16 Conclusions from Liverpool 1-2 Man United: Panicking Liverpool rattle themselves into crisis

Manchester United and Ruben Amorim edge away from crisis after a red-letter day at Anfield, while Liverpool plunge themselves deep into the mire
A damaging defeat for Liverpool in more ways than one has left Arsenal looking more compelling Premier League favourites than ever, and leaves Man City as for now their likeliest and potentially quite soon only rivals.
For Amorim, the gift of time. This was a win that dispels all sack talk, for at least a week.
Let’s get into it.
1. And there, almost a year into the job, it is. Ruben Amorim wins back-to-back Premier League games for the first time.
Whimsy out of the way, let us now seriously consider what this means. At the start of this weekend Amorim was locked in a two-horse Sack Race with Ange Postecoglou. Postecoglou didn’t make it beyond Saturday afternoon, but Amorim has just bought himself considerable time.
This was a wild and ridiculous game, to the point that one could argue it doesn’t necessarily mean anything in the grand scheme. Not everything means anything. Sometimes it’s just a bunch of stuff that happened. And at Anfield, a great big bunch of stuff happened.
But in a frenzied and chaotic football match, United produced the majority of the composed and sane football and were good value for the win that looked to have escaped their grasp before Harry Maguire rose highest to head home the winner and leave Gary Neville and everyone else thoroughly spent.
United are now two points behind Liverpool and a whisker away from fully handing over the crisis club mantle after winning a game some (okay, we) had dubbed El Crisico.
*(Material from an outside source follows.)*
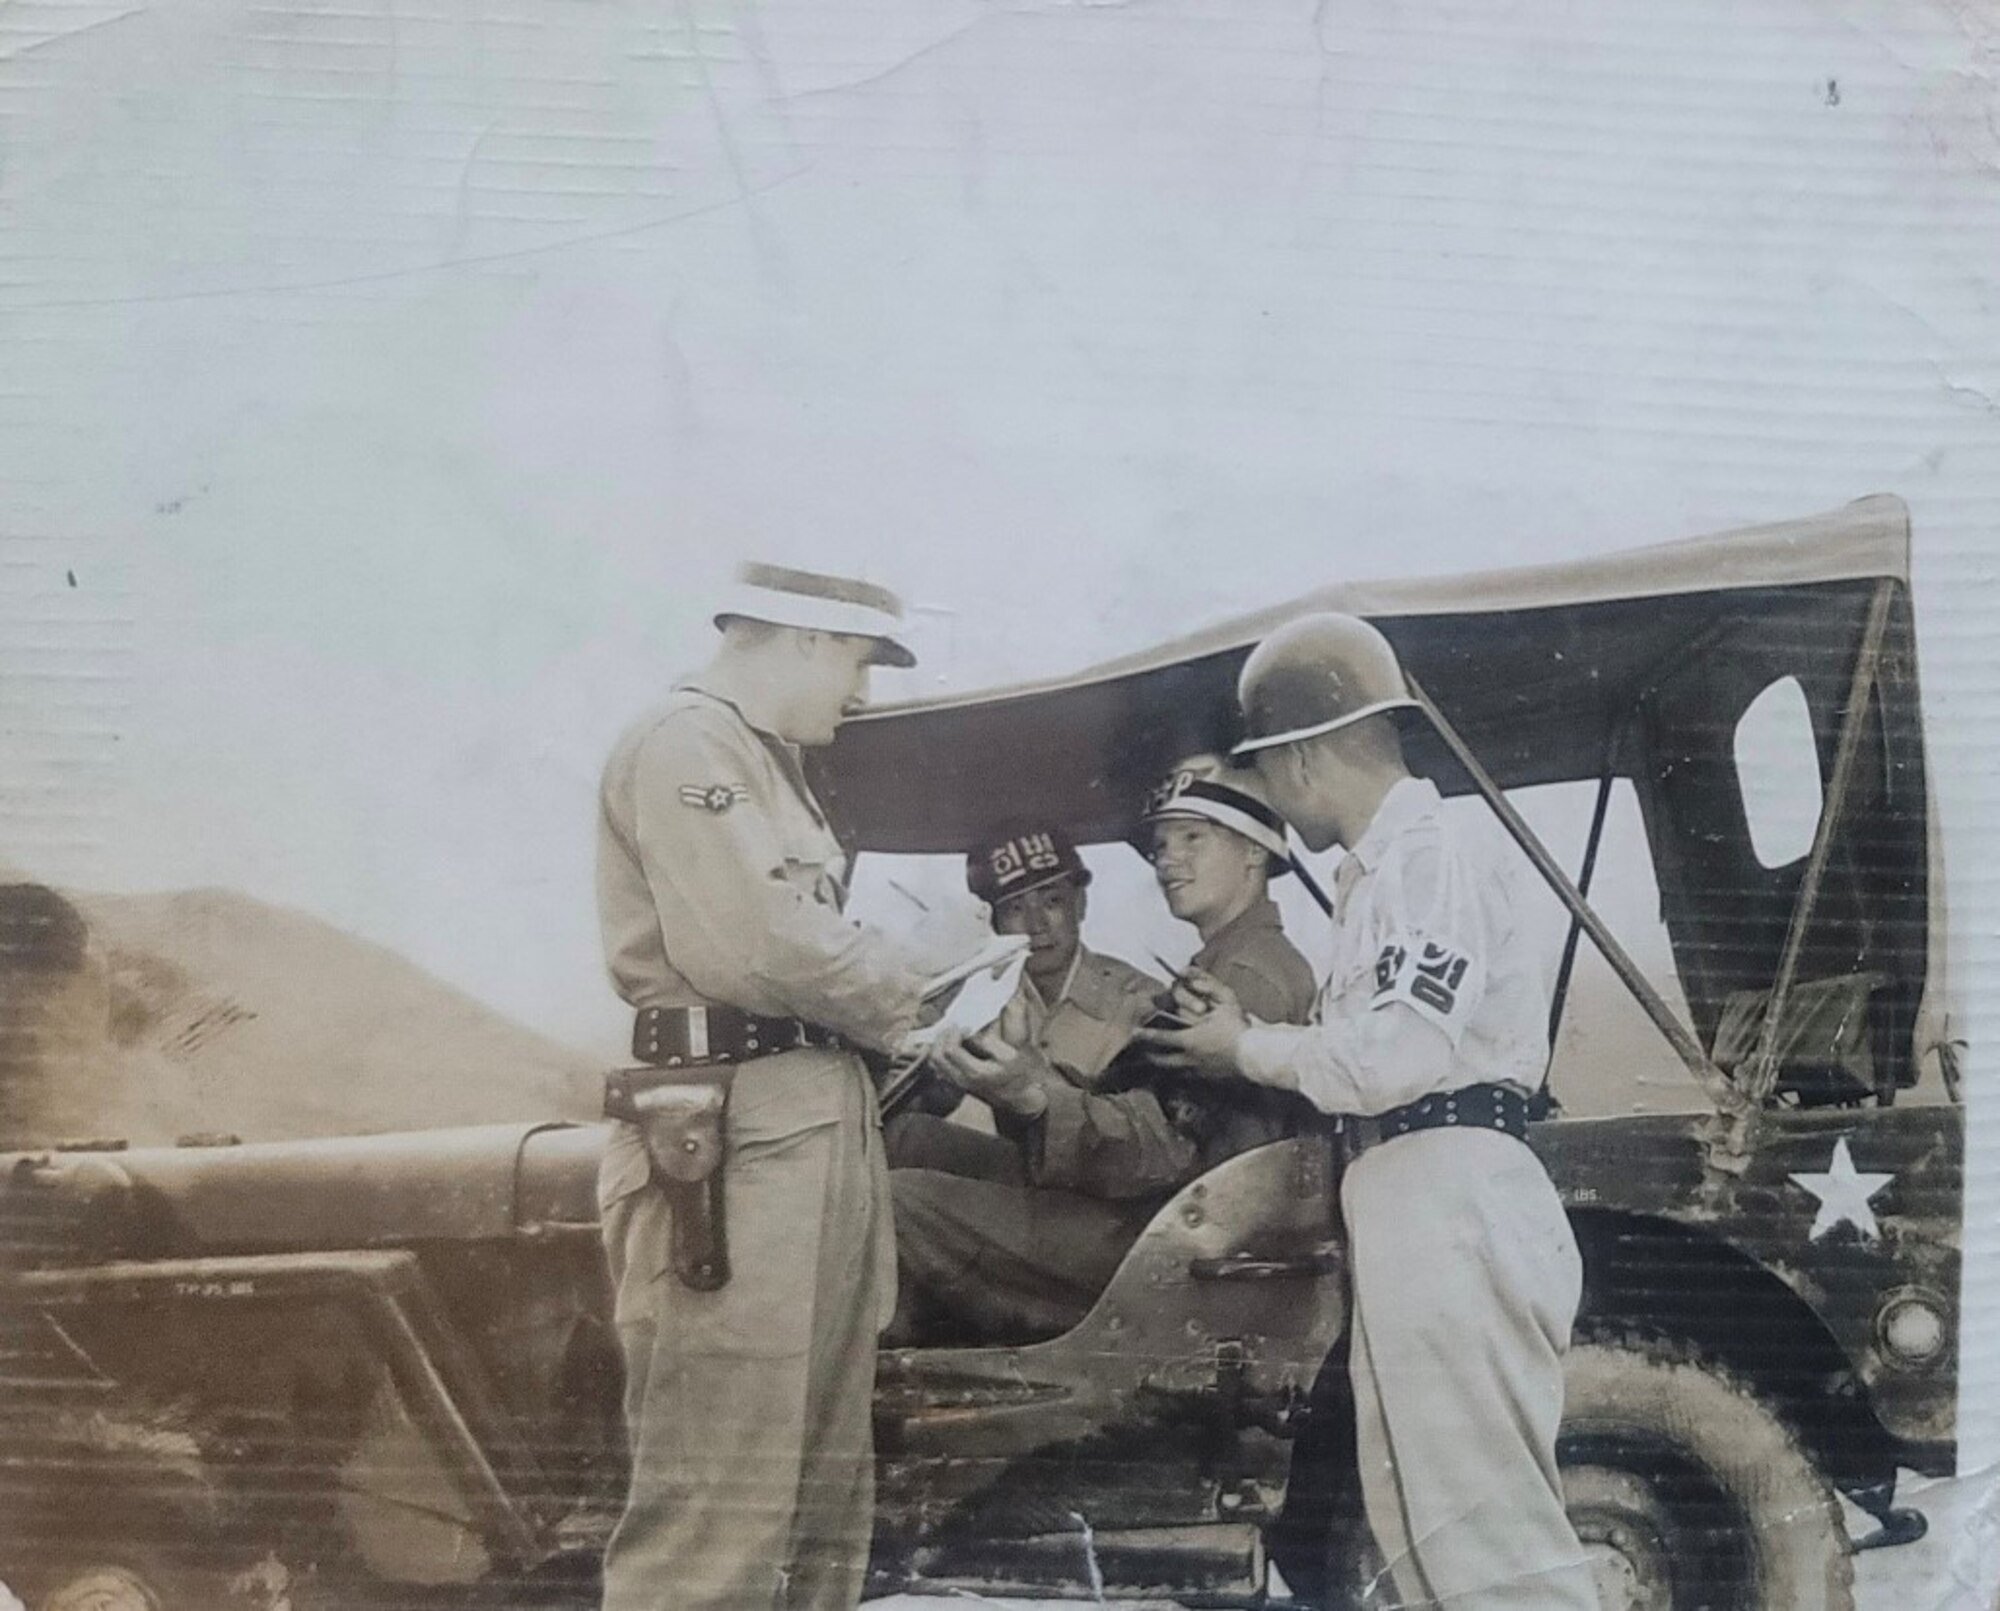 Republic of Korea Air Force and U.S. Air Force Military Police service members work together in South Korea some time after 1953, following the end of the Korean War.

United still require a greater number of less emotional and outlandish victories to prove there is something sustainable here, but while this isn’t a result that buys Amorim three years it is one that buys him a significant amount of time in which to work. At least until next week’s inevitable back-to-earth-with-a-bump home defeat to Brighton, anyway.
2. For Liverpool, the crisis is no longer mini. If that sounds dramatic, it is nobody’s fault but theirs. They crisised themselves here with their frankly absurd approach to a second half of a game that remained very much there to be won – or at least not lost – by more conventional methods.
Liverpool gave the game away – in every sense – with their breakneck, chaos-strewn approach to the second half. Every single one of the last 30 minutes was played like it was the last, and while we suppose Liverpool’s record in injury-time means there is some logic to playing more of the game as if it was in fact injury-time, it did all just look a little bit mad.
Even if it had worked here – and had Cody Gakpo’s astonishingly interesting game in front of goal not ended with a header sent impossibly wide when a second equaliser appeared certain then it may well have done – it would still have ceded the title advantage further toward Arsenal.
While the Gunners go about their business for now in a composed and thoroughly sustainable manner, Liverpool have become a team for whom the Hail Mary has become too regular and too early a choice from the playbook.
3. There can be no doubt that Arne Slot is under pressure like never before at Liverpool after a third straight league defeat and fourth in all, and one in which his part can be significantly questioned. There was barely an hour on the clock when he went to a sh*t-or-bust 4-2-4 formation in which Florian Wirtz was, at least theoretically, one of the two central midfielders.
That is not a play a title-winning team is making when one goal down with 30 minutes remaining at home against a mid-table team that had conceded 11 goals in its first seven league games of the season.
If there was one word to describe Liverpool and their manager and their star players here it was this: rattled. From quite literally the very first minute.
It is not a word generally linked to serious title contenders.
4. And the worst thing for Liverpool is who the most rattled players were. It is not even particularly mischievous to suggest the two worst players on the pitch today were Virgil van Dijk and Mo Salah.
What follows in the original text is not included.